▶ TASK DETAILS
Extract, exactly and without pictures, every line from the one that includes "London skyline at" through the final line of the material below.

▶ DATA SHOWN

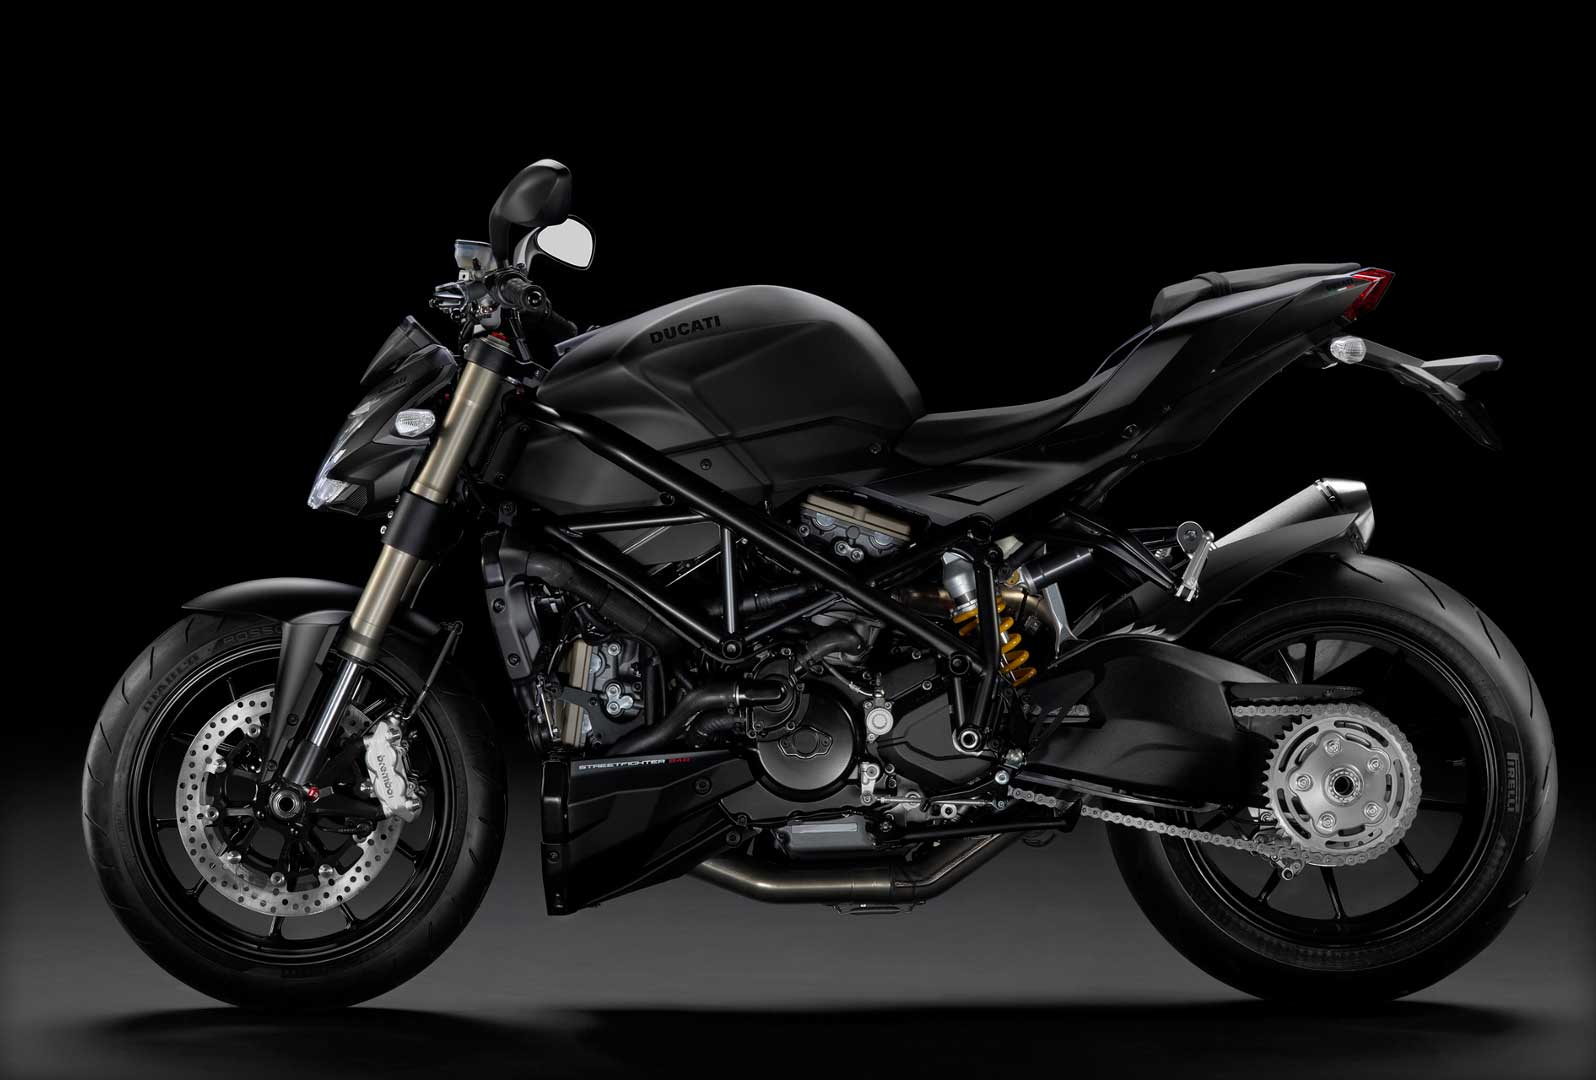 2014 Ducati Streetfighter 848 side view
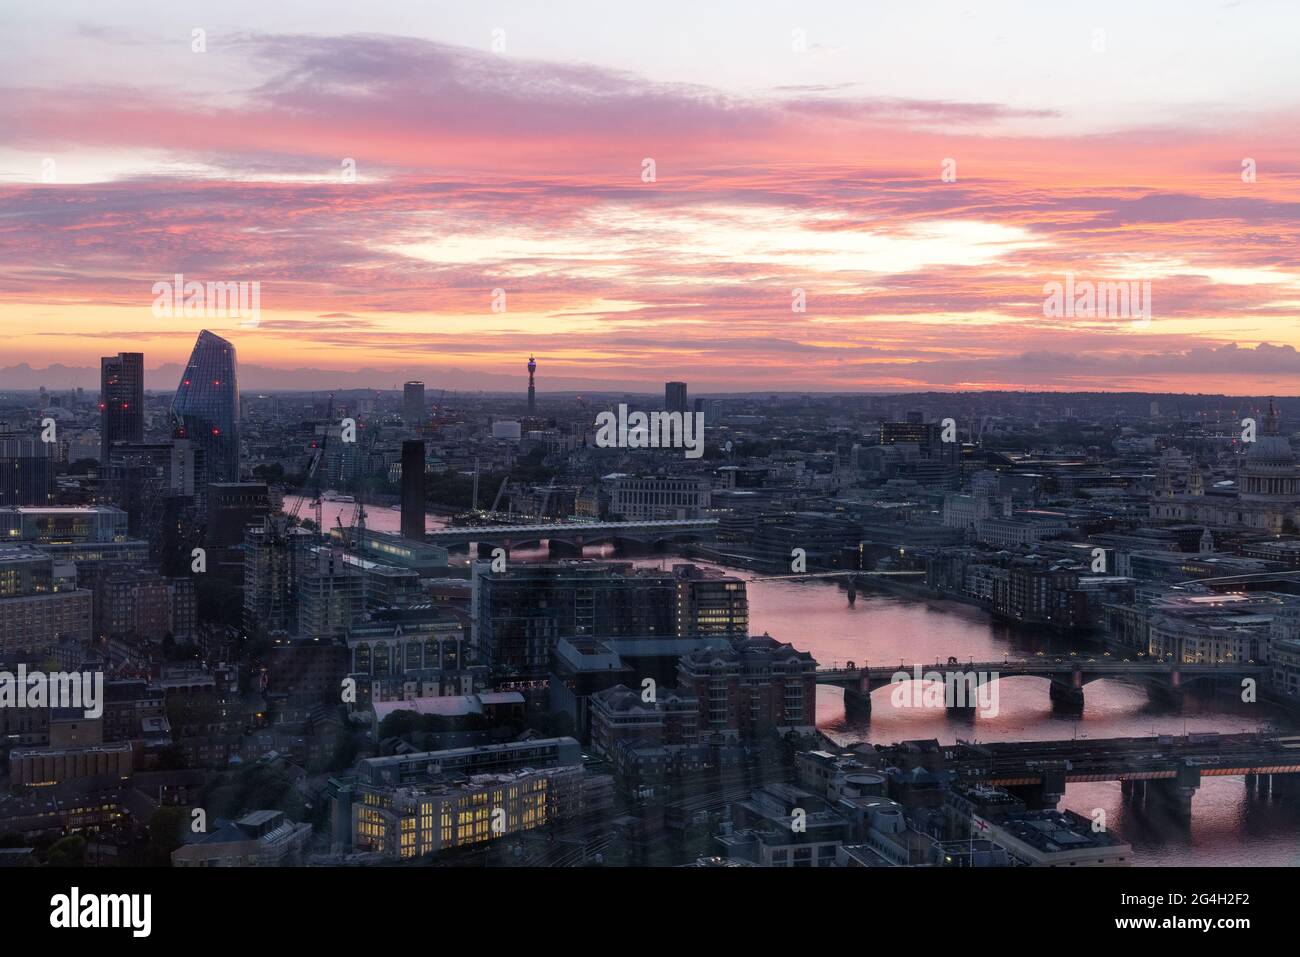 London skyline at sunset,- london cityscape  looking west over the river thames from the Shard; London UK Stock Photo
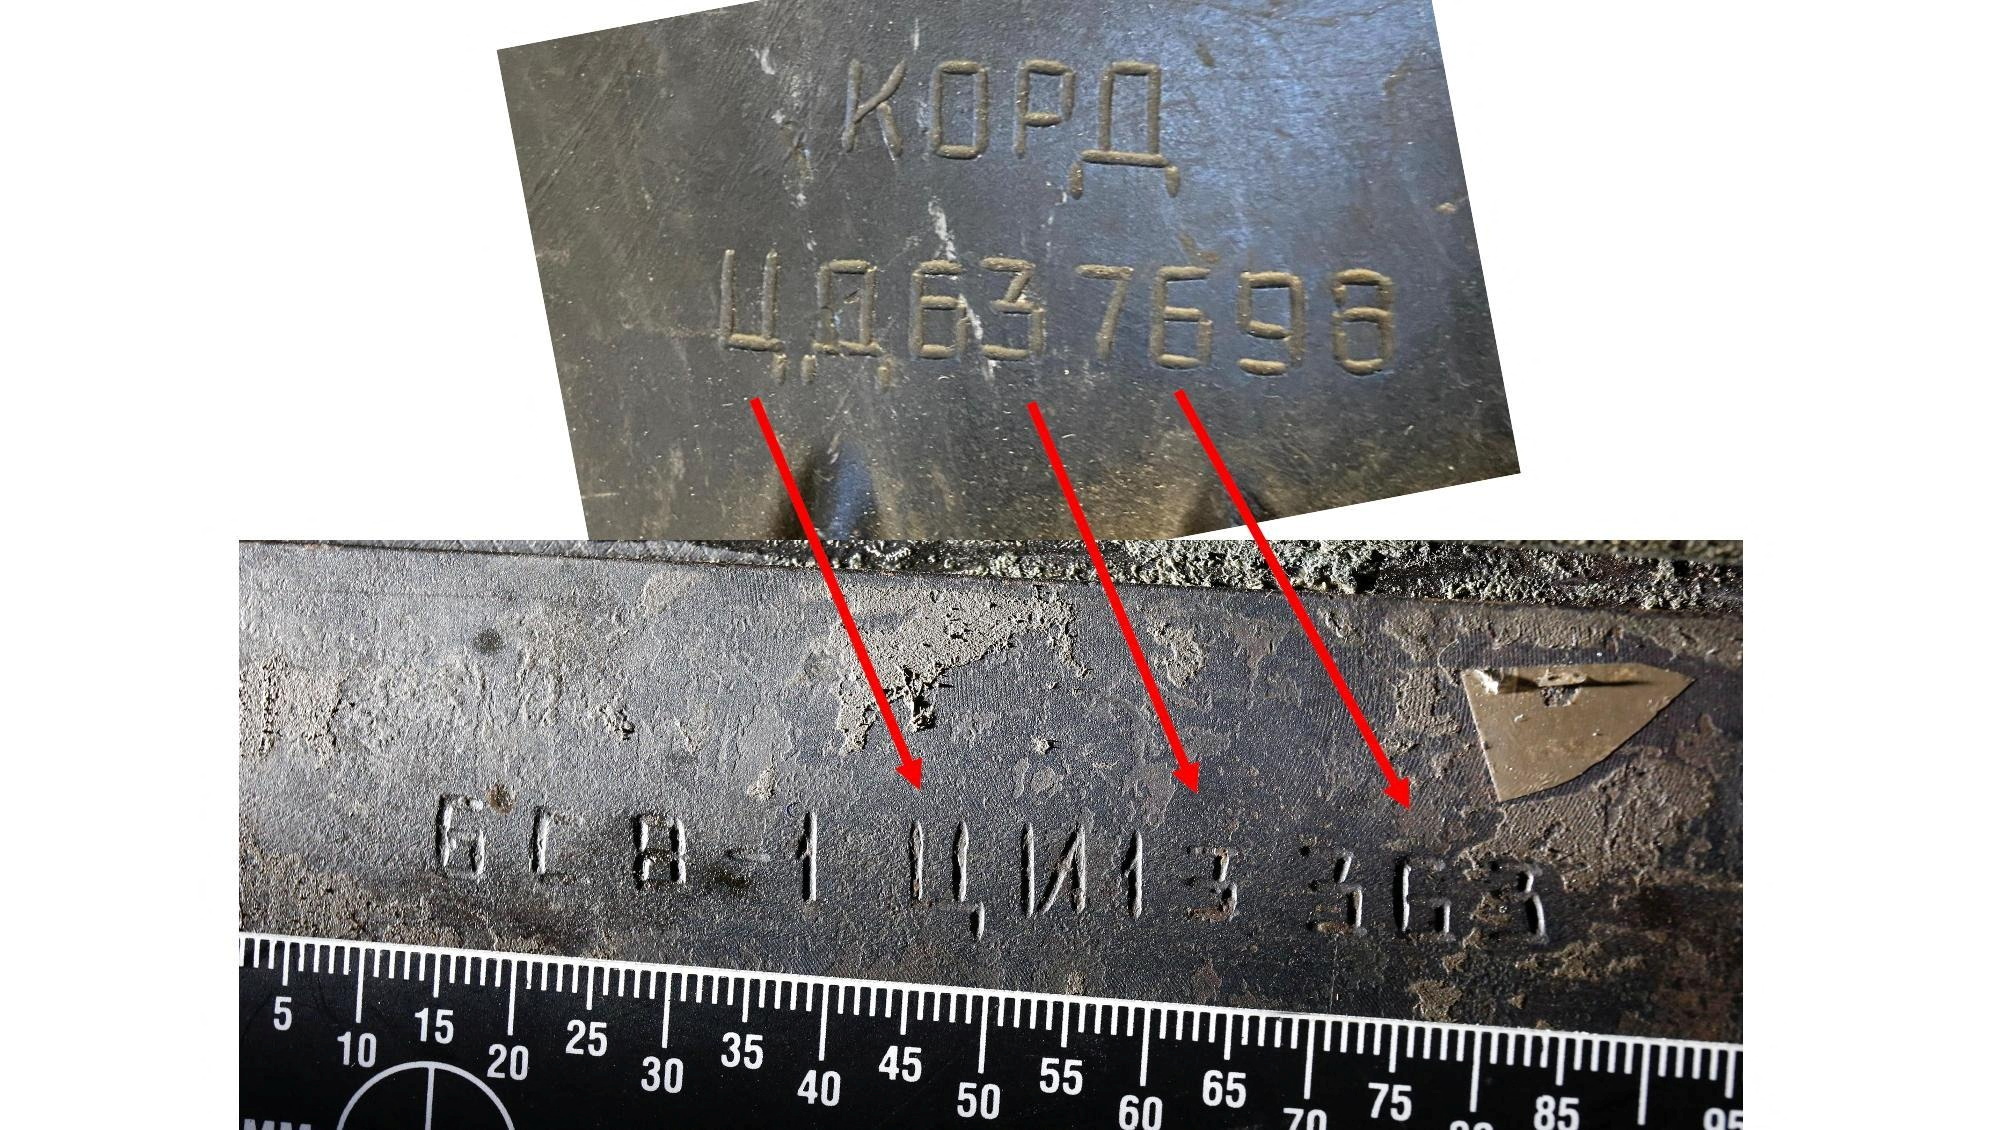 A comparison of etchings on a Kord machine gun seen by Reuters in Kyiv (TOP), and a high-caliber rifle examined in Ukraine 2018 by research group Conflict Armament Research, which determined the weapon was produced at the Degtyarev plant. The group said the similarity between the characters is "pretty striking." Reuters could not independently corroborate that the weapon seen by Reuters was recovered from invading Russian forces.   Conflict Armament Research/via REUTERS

▶ TASK ANSWER
 London skyline at sunset,- london cityscape  looking west over the river thames from the Shard; London UK Stock Photo
 A comparison of etchings on a Kord machine gun seen by Reuters in Kyiv (TOP), and a high-caliber rifle examined in Ukraine 2018 by research group Conflict Armament Research, which determined the weapon was produced at the Degtyarev plant. The group said the similarity between the characters is "pretty striking." Reuters could not independently corroborate that the weapon seen by Reuters was recovered from invading Russian forces.   Conflict Armament Research/via REUTERS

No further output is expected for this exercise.